Arctic Art House: Russian Region Nurtures Local Film Boom

(@rukhshanmir)

Arctic art house: Russian region nurtures local film boom

Yakutsk, Russia, (APP - UrduPoint / Pakistan Point News - 10th Jan, 2019 ) :In Russia's remote Yakutia region the film industry is booming, despite shooting schedules being restricted by some of the coldest winters on Earth and directors blaming "spirits" for disturbing the production crew.

Six time zones away from the country's film schools and without central state funding for its filmmakers, the region nonetheless produces half of all Russian movies made outside Moscow and Saint Petersburg.

"Everybody wants to make movies," said Alexei Romanov, who turned his back on a promising career as a filmmaker in Saint Petersburg three decades ago to return to his native Siberia.

"We have films with miniscule budgets and hilariously small fees but they make more in the cinemas here than Hollywood blockbusters," he said.

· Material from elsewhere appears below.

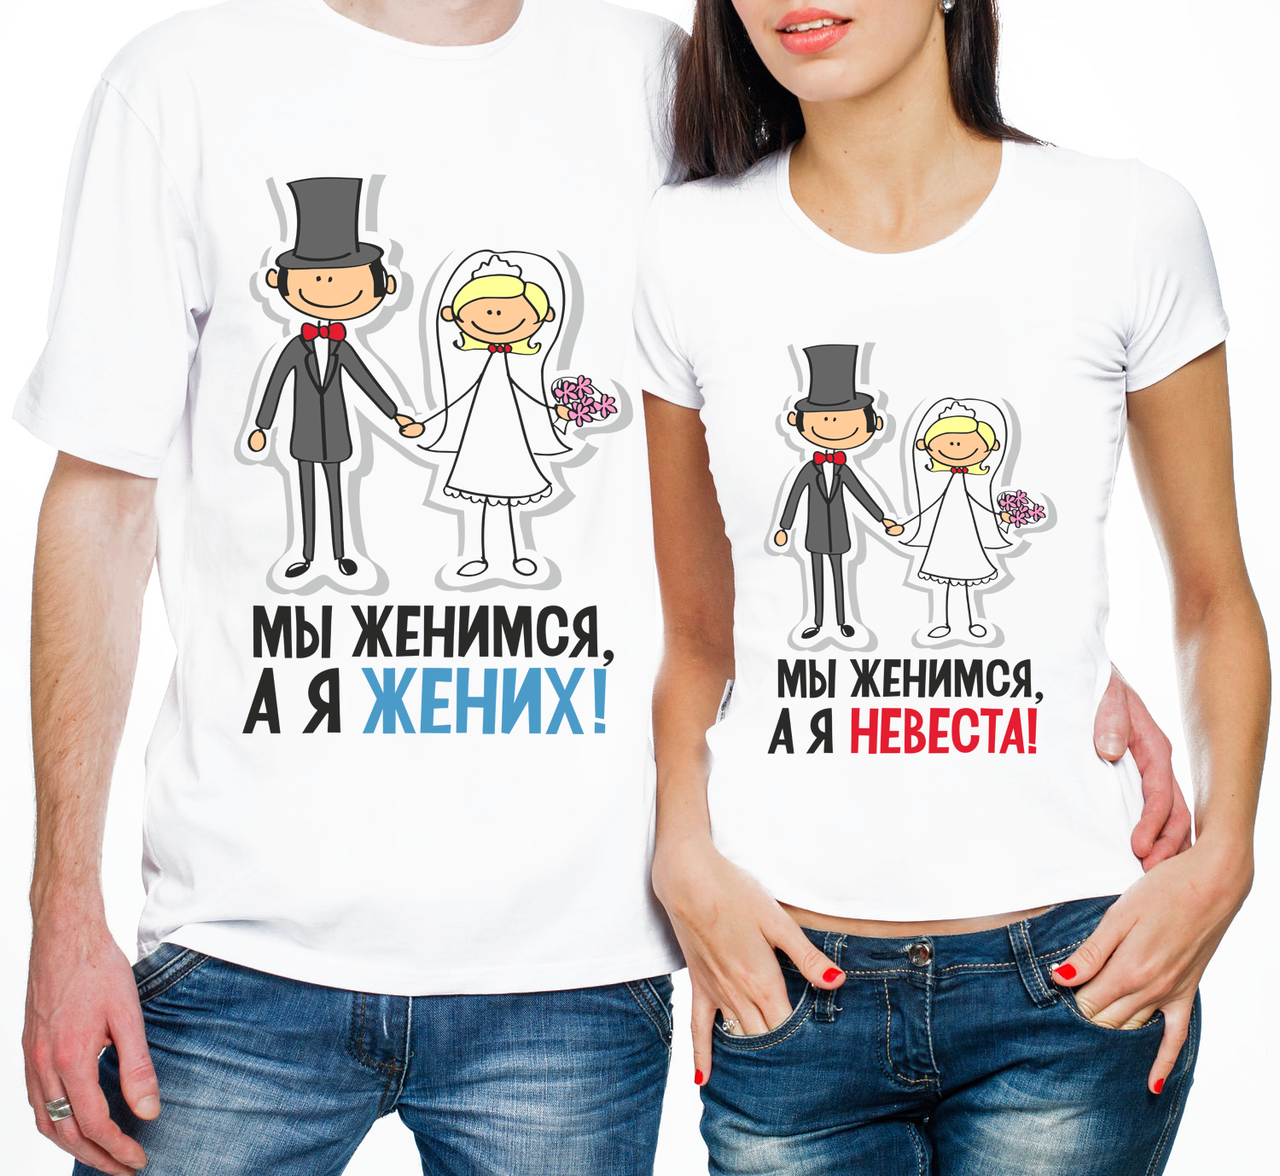 Картинки на футболки жених и невеста
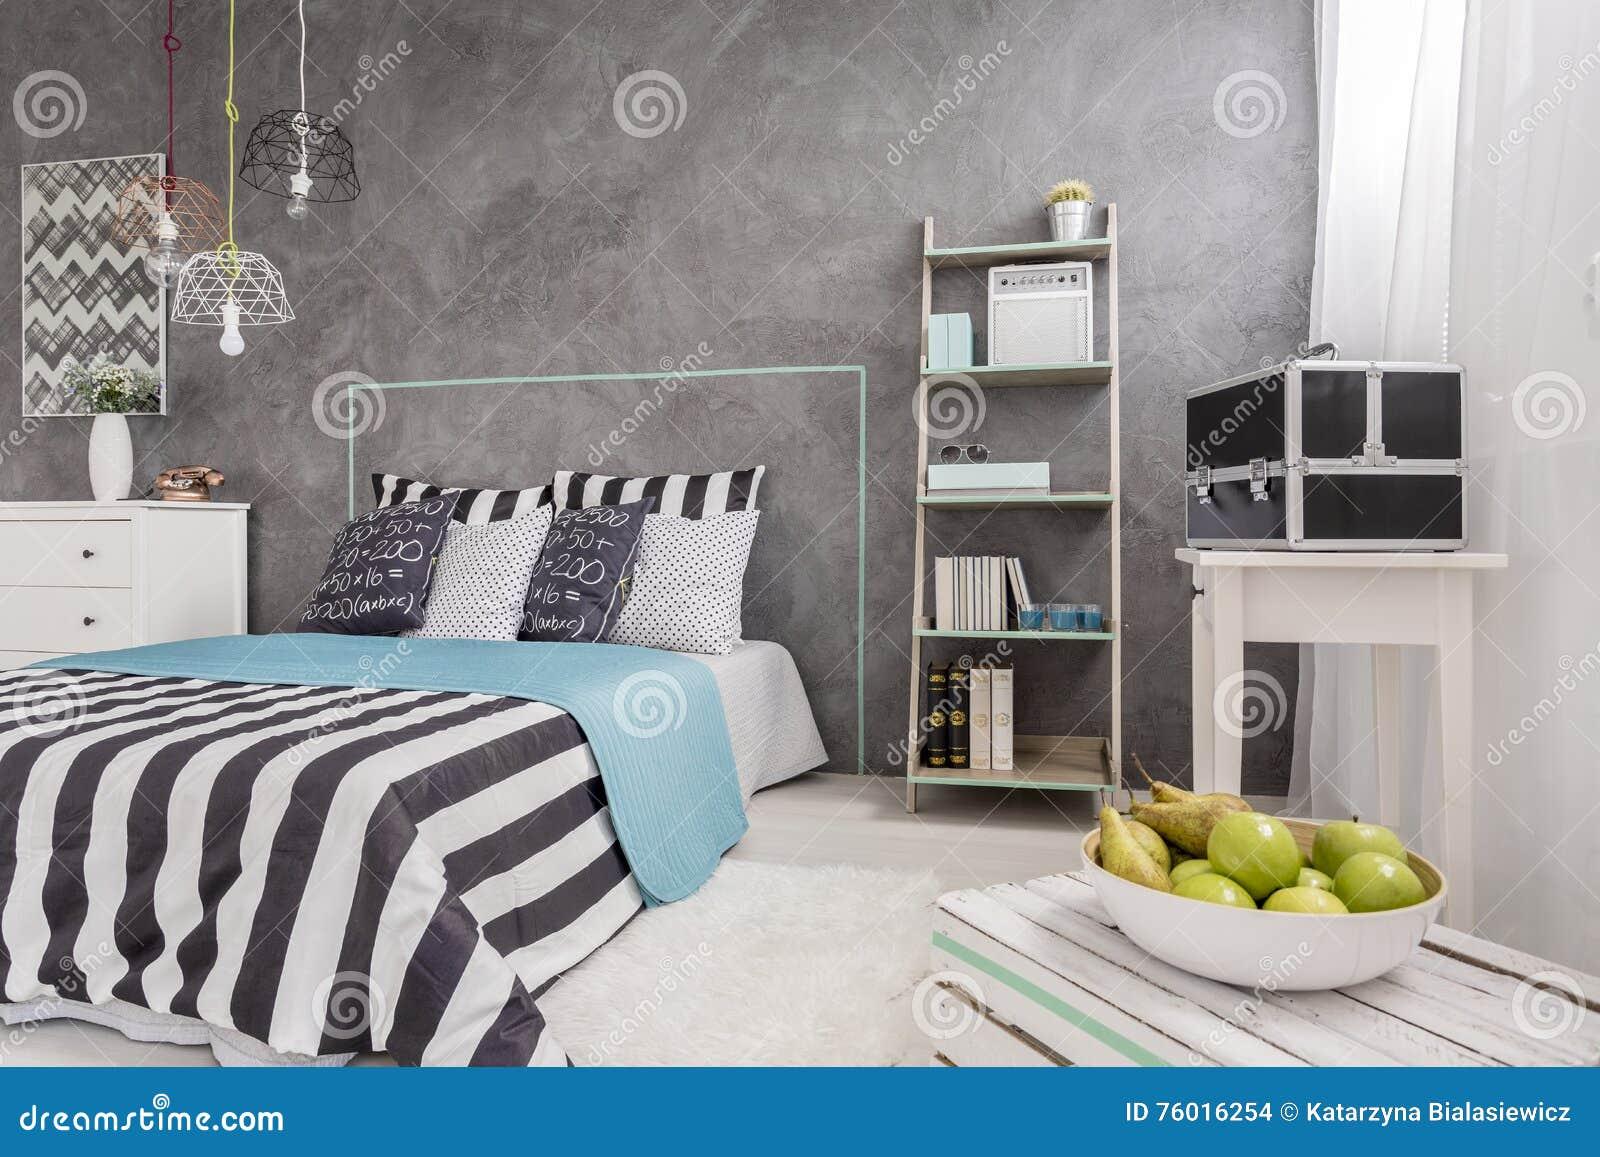 Schlafzimmer ideen bett an der wand latex kopfkissen - Farbvorschlage wohnzimmer ...

When the director came back to Yakutia, a vast territory that is home to fewer than a million people, the local industry consisted of just two cameramen.

Now, thanks in part to his efforts, people are "fighting for cameras" to finish their projects before equipment starts failing in winter temperatures that regularly drop to minus 50 degrees Celsius (minus 58 degrees Fahrenheit).

Romanov estimated an average local movie budget to be between $40,000 and $80,000 (35,000 and 70,000 Euros).

Most actors basically work for free on skeleton budgets, hoping to eventually get paid from box office revenues.

But domestic and foreign audiences are starting to notice the region's output.

Last year, a Yakutian film "The Lord Eagle" about an elderly couple living with an eagle in the forest, received the top prize at the Moscow Film Festival.

South Korea's Busan Film Festival, one of the most important in Asia, in 2017 showed a dozen Yakutia productions in a special retrospective, praising their unique cinematic style.